Sector News

Israel Chemicals to close magnesium factory, fire 550 workers

September 9, 2014
Energy & Chemical Value Chain
Israel Chemicals (ICL) announced plans on Thursday to close its magnesium factory in 2017 – which employs 550 people, about 10 percent of the company’s total workforce – and explore plans to downsize its bromide plant, which employs another 1,200.
 
The company cited the possibility that “interim recommendations of the Sheshinski Committee will be adopted and enacted into legislation” as reasons for both.
 
The so-called Sheshinski 2 Committee, headed by Prof. Eitan Sheshinski, was instructed by the government last year to examine the state’s royalty policies for the exploitation of natural resources – except for oil and gas, whose royalty policies were determined in a previous Sheshinski Committee.
 
In May, Sheshinski 2 recommended that companies exploiting the country’s natural resources be charged a tax rate on all excess profits – also known as a surtax – of 42 percent, stressing that such a tax would boost the state’s coffers by NIS 500 million annually.
 
The committee members also recommended setting a uniform royalty rate on natural resources of 5%, to remain consistent with global conditions and ensure a steady revenue stream.
 
ICL, which is the Negev’s largest employer and one of the largest companies traded on the Tel Aviv Stock Exchange, said the magnesium factory had barely been profitable for a long time (it pulled in $1m in gross profit from $115m. in sales in 2013) but was economically justifiable because it produced cheap inputs for use in its bromide and potash plants.
 
As a result, the Sheshinski recommendations would not directly affect magnesium production.
 
The company did not explain how cutting into its other profits would make it more lucrative to close the magnesium plant and buy the necessary materials on the open market, but simply said that “net value of the synergies has declined due to the increase in the tax burden on production.”
 
Earlier this month the company decided to nix already approved investments worth some $750m. and reconsider another $1 billion worth of investments in its Israeli operations.
 
That decision, it said, was also based on the prospects of Sheshinski moving forward.
 
Regarding the Israel Chemicals subsidiary Dead Sea Works specifically, the Sheshinski 2 members recommended applying the terms only on January 1, 2017. Until then, they suggested that the royalty rate remain in accordance with the agreed upon figure for 2012 – 10% royalties for any amount of potash in excess of 1.5 million tons.
 
The first Sheshinski Committee, whose recommendations received Knesset approval in March 2011, determined a new taxation method strictly for the exploitation of hydrocarbons.
 
While that legislation elected to keep gas and oil royalty rates intact at 12.5%, it increased profit levies initially to 20% and enabled them to eventually rise to 60%.
 
During the May meeting, Sheshinski 2 Committee members reviewed a report drafted by the International Monetary Fund, which determined that Israel’s taxation model on natural resources involves one of the lowest public profit shares in the world – standing at 23% for mineral mining and 50% for hydrocarbons.
 
The committee members recommended that the tax rate be calculated according to a model based on profit reports and accounts of losses, collected only after the company ensures a rate of return of 11% on its assets.
 
Raising the surtax to 42% would likely increase the portion of the rate that the public receives by a margin of 46% to 57%, the committee members said.
 
Upon hearing the recommendations in May, Israel Chemicals responded by freezing an investment program worth more than $1b., protesting that the high taxes would reduce its competitive edge globally.
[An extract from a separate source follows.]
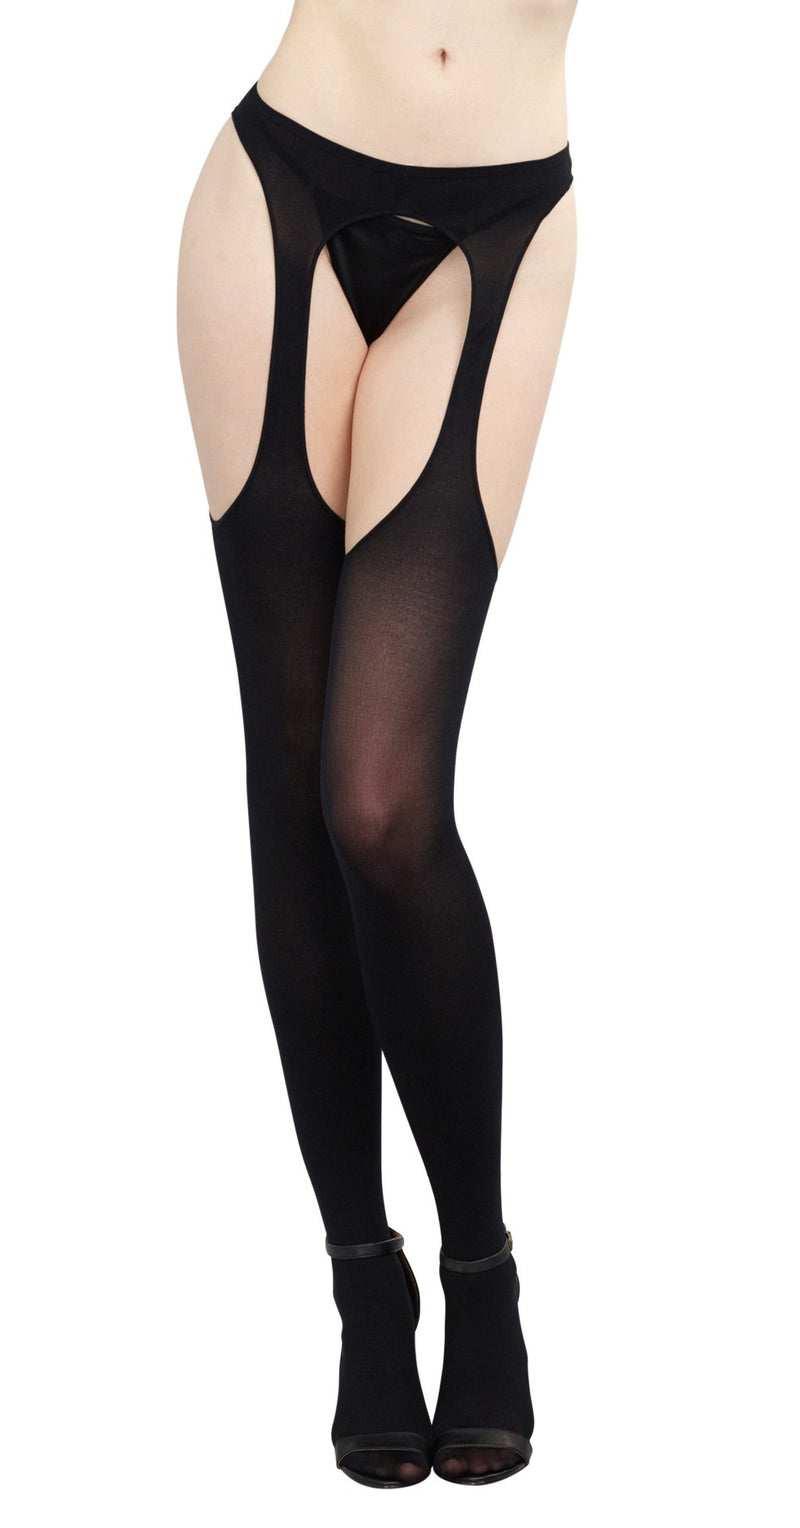 Semi Opaque Suspender Pantyhose: Add Heat and Mystery to Your Lingerie Collection!

At the time, the company said that such changes would necessitate cost-cutting and layoffs within the firm.
 
On the opposite end of the spectrum, the organization Adam Teva V’Din (Israel Union for Environmental Defense) has criticized the 42% surtax as “extremely low” and would not allow the public to enjoy a full share of the country’s natural resources.
 
Representatives of ICL once again appeared before members of the Sheshinski 2 Committee on August 4, arguing that it had not recommended a fair rate of return. Rather than 11%, the rate of return should amount to about 22%, the company said. The ICL executives argued that the committee members erred in their calculations of the company’s asset base used to determine the rate of return, from which the surtax rate was also derived.
 
Slamming the committee members for formulating their taxation model based only on ICL’s potash production in the Dead Sea, the executives stressed that they produce a variety of other resources, such as bromine, magnesium and phosphates. They claimed that each one of these natural resources should be independently evaluated.
 
Accusing the committee’s judgments of lacking neutrality, the company representatives said during the August 4 meeting that the approval of these recommendations “would force ICL to reexamine all its investments in Israel and, unfortunately, to reallocate planned investments from Israel to other countries.”